Hi all,
I am using https://www.youtube.com/watch?v=JlZiM2YSCCY as a guide to fuzzy match two source of company names. However, I am getting non-ideal outputs that I can use the community's help on to set me straight.
Attached is the self-contained flow in version 9 to illustrate. If you could make the change compatible in version 9 instead of 10, it would be great.
Obejctive is to match company names against each other. Master would have formal name like "Apple Inc."; new would have shortened name like Apple. I need the fuzzy match the two.
Master has:
Apple Inc.
Cisco Systems, Inc.
Microsoft Corporation
Oracle Corporation
New has:
Apple
Cisco
Microsoft
Oracle
After running the merger algorithm through with pre-defined "Company" matching. I only get 1 match instead of 4. Only Apple is being matched with Apple Inc.
Can you help me understand how to get to matching all 4 company between the 2?
Best,
Tom
Solved! Go to Solution.
Tuning your Fuzzy Match tool to work with a data set is an iterative process. Many of the match functions you choose are not going to guarantee all of your fields match correctly. That being said, with the example data you gave, the fields in the New data set are wholly contained in the Master data set.
Next to Match Style in the Fuzzy Match configuration, choose Edit...
Under generate keys choose Whole Field. When Alteryx generates a key, it reads through the whole field and generates a key for each individual component of that field. Using 'Whole Field' will ensure that only keys where the components match will be output by Fuzzy Match.
As for Match Function, choose none.
This example output all four of the matches as you would expect but if your company names in New are not a subset of the company names in Master, this could present an issue.
Thank you Michael on the response.
For now, I imagine "New" list would be a subset of the "master", e.g., Apple instead of Apple, Inc. I will give your suggestion a try.
Would you be able to give me a reference link to more details on how fuzzy match works? I not clearly not understanding terms in the configuration page such as "whole field", match weighting, threshold, etc.
Best,
Tom
The Edit Match Options in the Alteryx Help gives a more in-depth rundown of the steps and options for fuzzy matching. I would start there. Otherwise, help on specific matching algorithms is a bit more difficult to find all in one place. Fuzzy matching is an in-depth field that is not limited to just Alteryx. I would search online for a primer on 'Approximate String Matching'
http://help.alteryx.com/10.1/index.htm#FuzzyEditMatchOptions.htm
Let us know how the matches turn out with the new options.

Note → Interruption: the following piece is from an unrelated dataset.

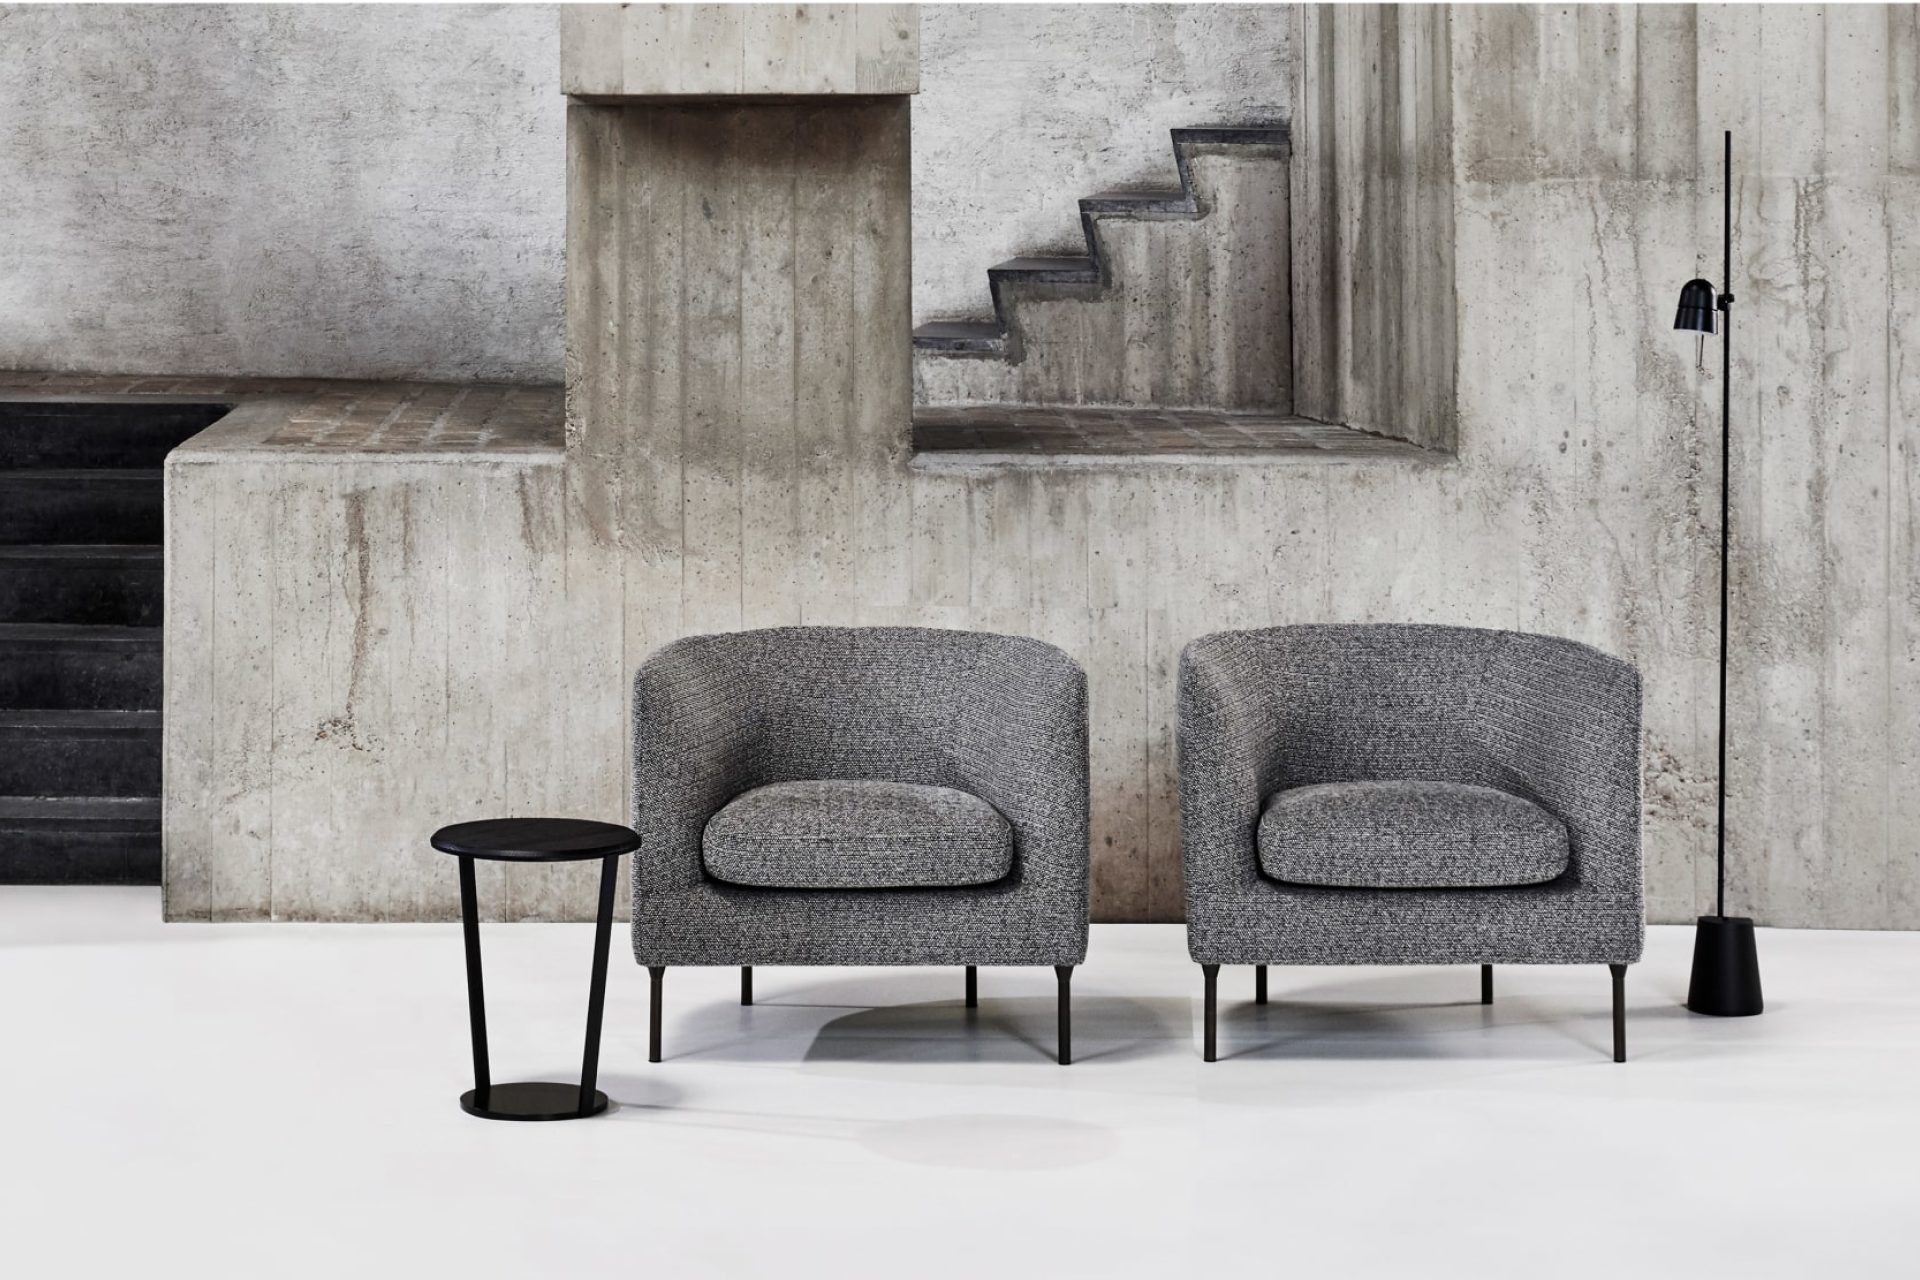 Two mottled-grey canvas armchairs with a removable cover
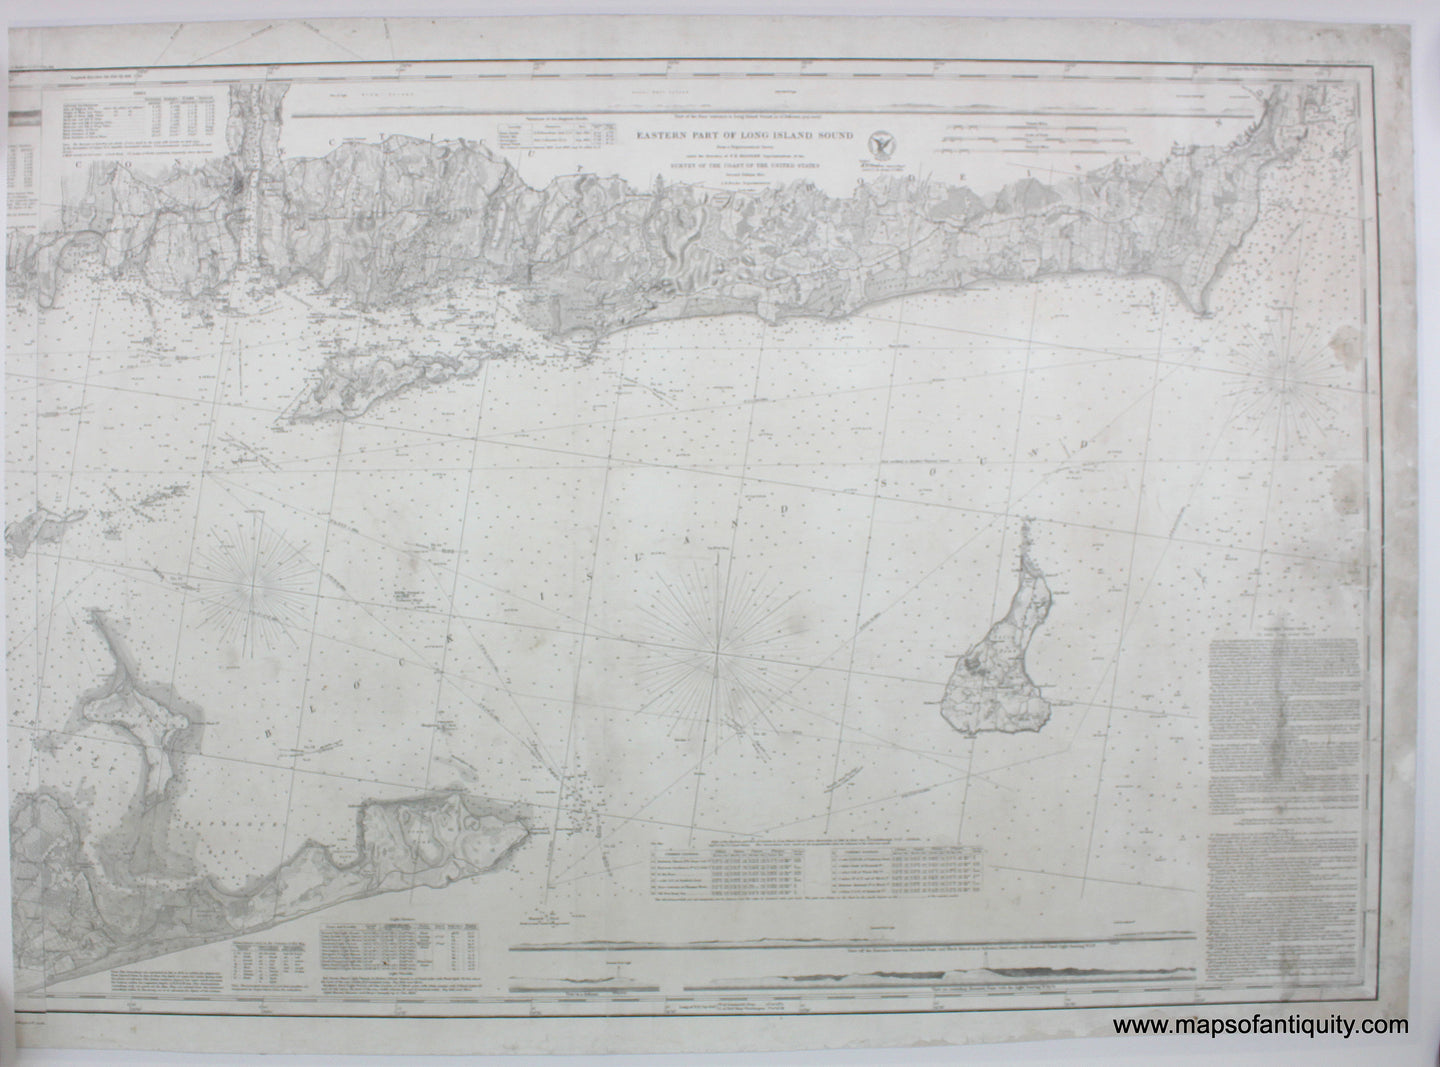 Reproduction-Eastern-Part-of-Long-Island-Sound---Reproduction-Reproductions---Reproduction-Maps-Of-Antiquity

Ok, so in the module that you uploaded, you had Generate Keys as Double Metaphone, checked Generate Keys for each word, and no Match Function. That generates four matches.
However, when you uncheck the options to generate individual word keys, you lose matches, why?
With maximum key length == 4 and the entire field (not the individual words because we have that unchecked) used, the metaphone for Cisco Systems is SSKS where the metaphone for Cisco is SSK. Simply put, the metaphone key is going to be similar to a spelling of the word with no vowels. 6 key metaphone of Microsoft would be MKRSFT (sound it out in your head).
These keys don't match, so Alteryx doesn't match the fields. You could fix this by checking the option to generate a key for each word. Cisco and Systems in Master will have different keys and will match the Cisco in New.
You could also leave 'Generate Keys for Each Word' uncheck and choose 'Whole Field' to Generate Keys. This would take the first 4 (remember maximum key length == 4) letters of each word and match on that.
You could also leave Double Metaphone, uncheck 'Generate Keys for Each Word' and mess with Match Threshold, Max Key Length, and Match Function to generate matches.
Like I said before, this stuff is not and exact science. You have to generate the model based on your data and use the one that gives you the most confidence.